One immediate problem is simply the display of such massive graphs. The graceful spiderweb you see in a phone-company advertisement becomes a dense, black blur if you try to draw the entire graph at once. It stands to reason: To flash a terabyte of data on a 1000 x 1000 screen, you need to cram a megabyte of data into each pixel. Something's got to give, and researchers haven't yet figured out what's essential and what's superfluous.
It gets even worse when you want the computer to tell you something about a massive graph, such as the size of quasi-cliques (subgraphs in which a fixed, minimum fraction of all possible edges actually occur). Algorithms for analyzing graphs are well developed in classical computer science, Feigenbaum says. But whether they're polynomial-time or not, the existing algorithms assume that all the input data fit in main memory, and for massive graphs, that assumption isn't valid. (Today's massive graphs may fit in tomorrow's RAM, of course, but by then the data sets of interest will presumably be even larger.) And when you don't have the entire graph at your fingertips, she says, "this whole algorithmic paradigm breaks down."
I must create a system, or be enslaved by another man's.

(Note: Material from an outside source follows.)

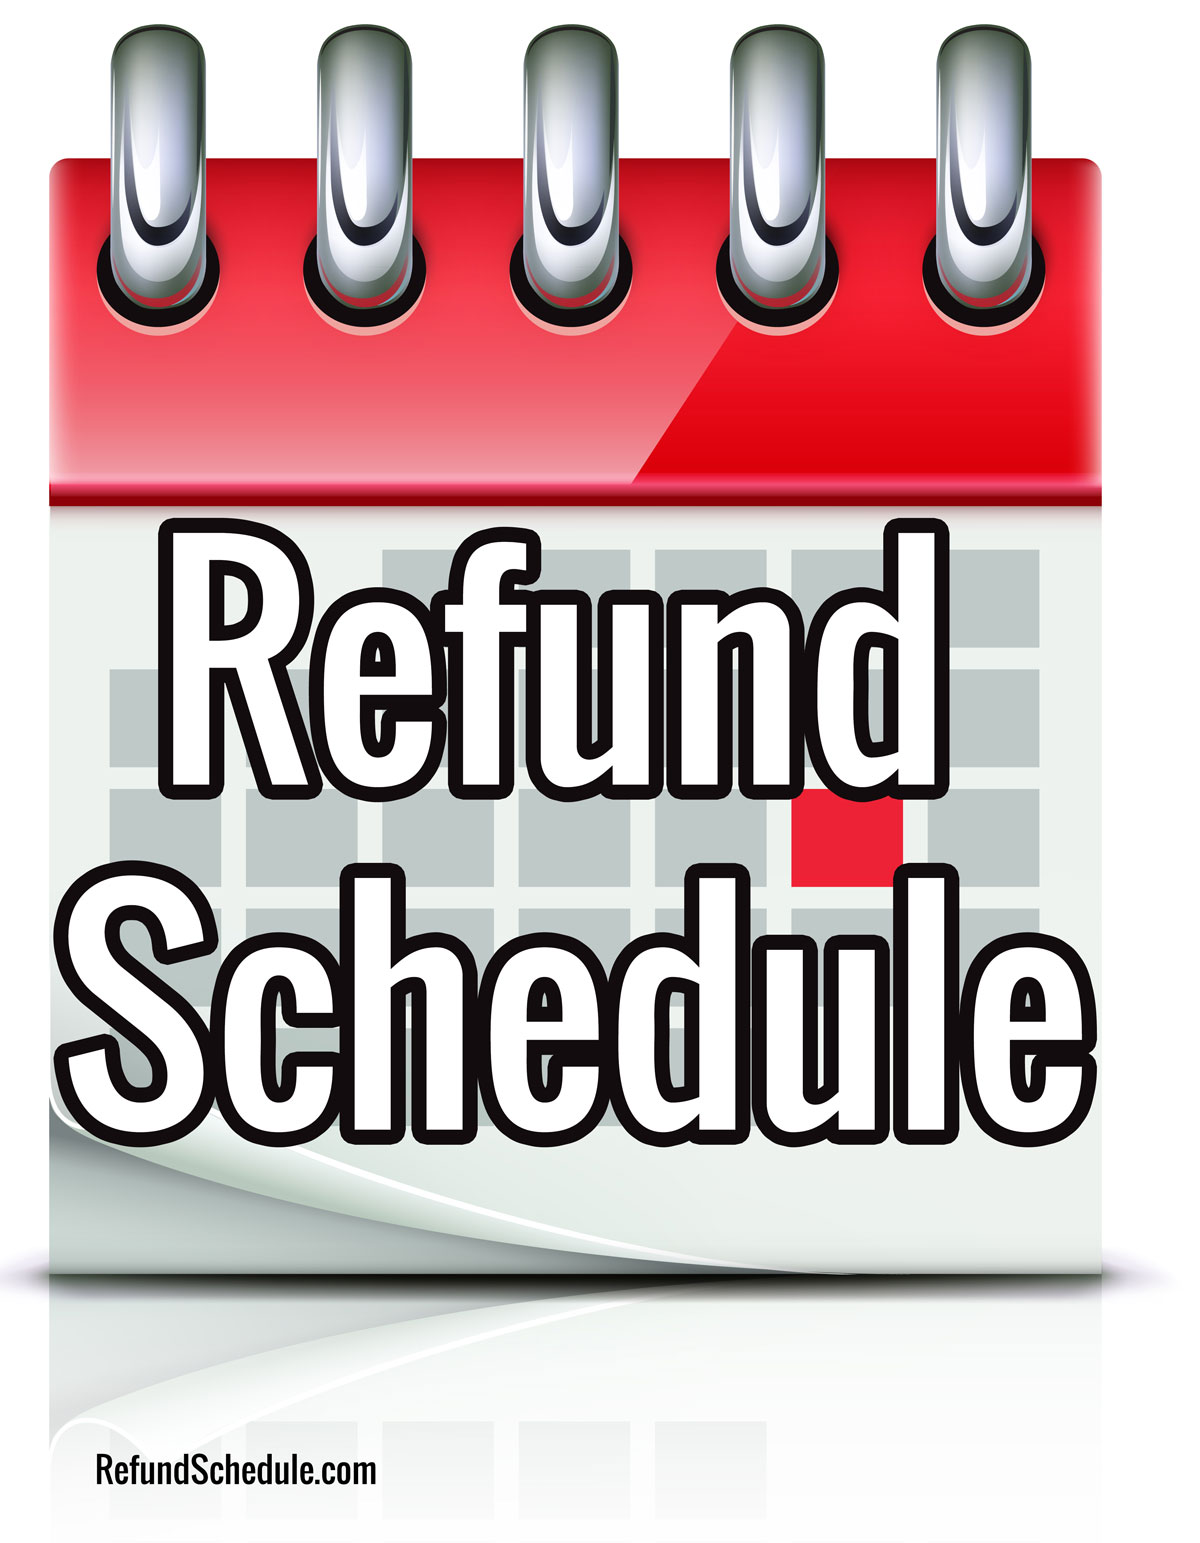 refund-schedule-9 - IRS Refund Schedule 20191200 x 1543

---William Blake, Jerusalem
What's needed are new theories for handling these massive graphs, Feigenbaum says. Among the ingredients called for are "external memory" algorithms, whose complexity is measured in terms of the number of disk accesses, and "streaming" algorithms, which hang onto the database baby while tossing out the bath-water. Probabilistic models that simulate the typicality and evolution of telephone or Internet traffic are also needed; the current theory of random graphs, bifurcated as it is between complete amorphousness and rigid latticity, is inappropriate for the nebulously structured nature of telecommunications. Finally, there's the delicate question of providing researchers with real data they can use to test their theories and algorithms while protecting the privacy of the phone companies' customers. Cryptographic protocols may help.
The scope of the challenge has widened further with the arrival of the latest wrinkle in telecommunications: Internet traffic. In fact, Feigenbaum says, the massive graph metaphor may not be the right mathematical abstraction for the way Internet communications are conducted. It's a little like the segue from classical physics to quantum mechanics: Old-fashioned intuitions can be costly.

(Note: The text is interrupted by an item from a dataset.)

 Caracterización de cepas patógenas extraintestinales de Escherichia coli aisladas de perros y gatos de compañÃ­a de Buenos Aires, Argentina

The packet-switching approach of Internet traffic is distinctly different from the dedicated-line paradigm of long-distance phone calls. In particular, no one keeps records of Internet traffic-mainly because there's no billing! Even if there were, an IP address is not the same thing as a phone number, Feigenbaum points out, so it's not clear what the nodes of an Internet graph would be. Finally, keeping track of Internet traffic would make the phone companies' current record-keeping tasks look puny by comparison: A single gateway router can generate more than 10 gigabytes of summary data per day.

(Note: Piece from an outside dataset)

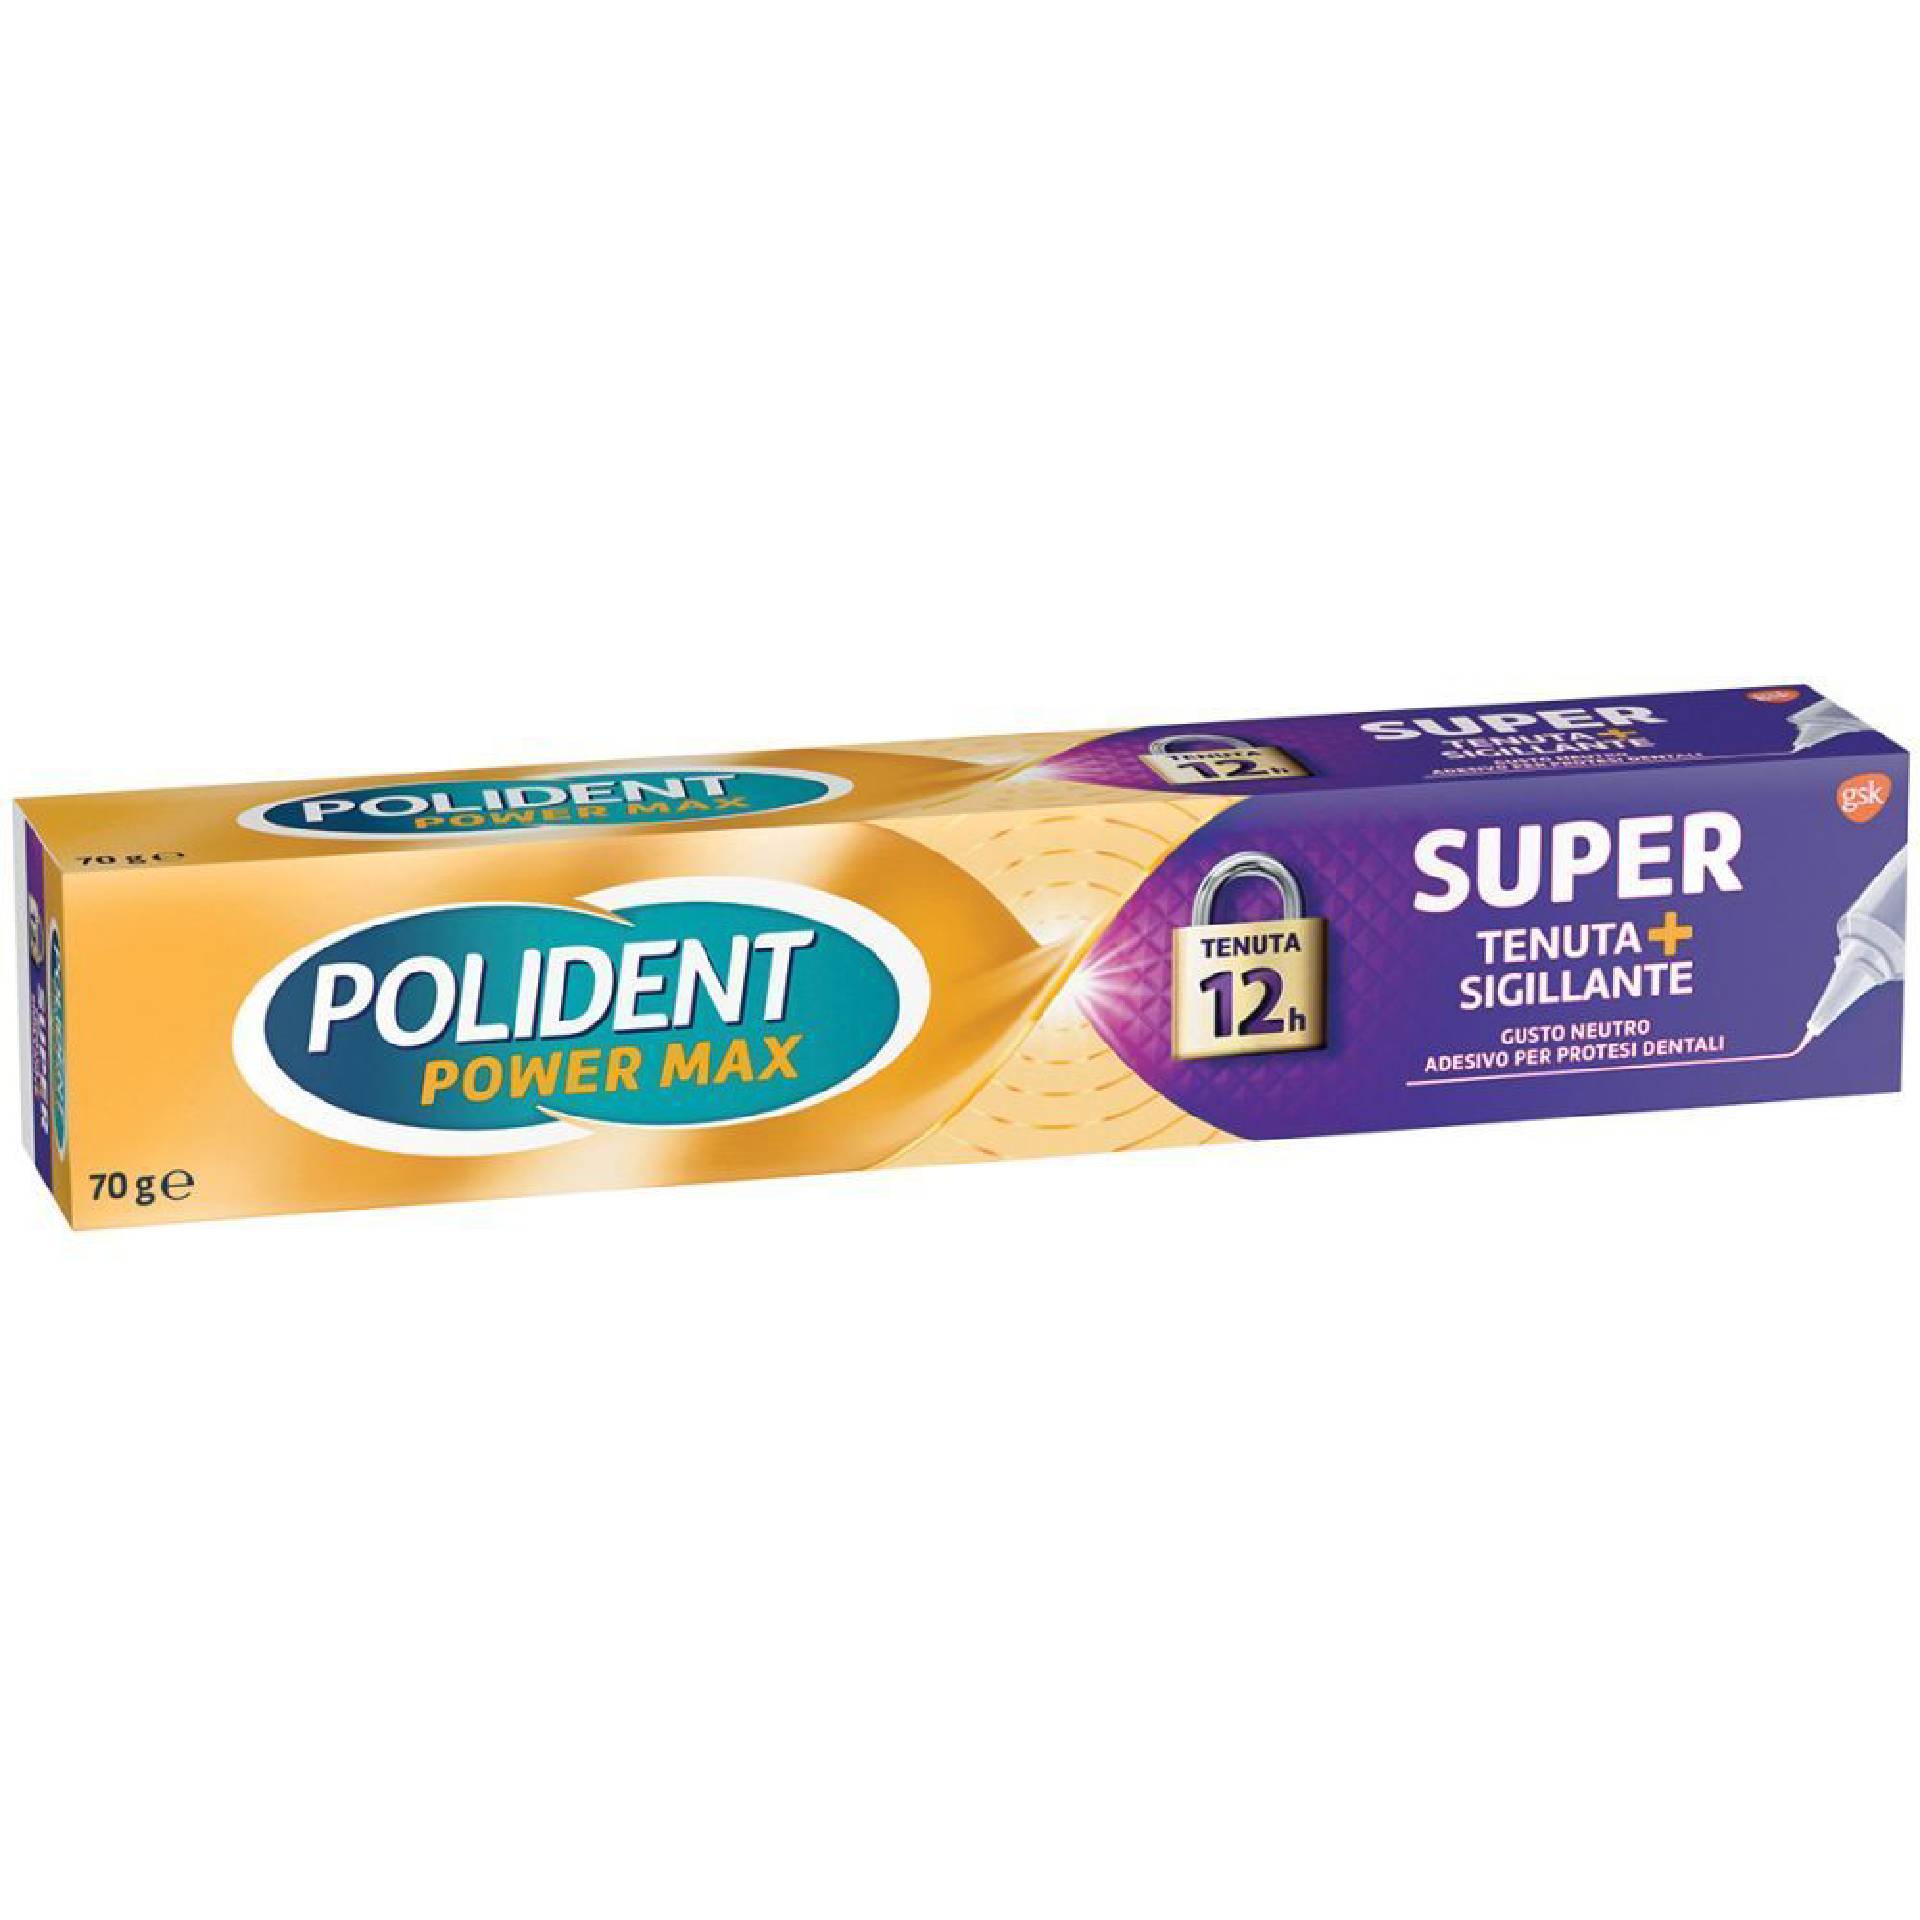 polident super tenuta + comfort adesivo per protesi dentale tenuta giornaliera gusto neutro 70g

One niche where graph theory still holds water, as it were, is the hyperlinked landscape of the Web. The Web "digraph" currently has about half a billion nodes (i.e., pages), with approximately 20 million being added every month. The number of directed edges emerging from each node varies widely, but an average of 10 links per page is a good guess. One advantage for researchers is that raw data regarding the Web are, almost by definition, publicly available. The distinct drawback is that there's no single site where it's all stored; if you want to know how Web sites are interconnected, you've pretty much got to go surfing.
The coming years will likely witness a contest between advances in theory and algorithms and the continued growth of massive data sets. For an industry as fiercely competitive as telecommunications, that's only fitting.
Barry A. Cipra is a mathematician and writer based in Northfield, Minnesota.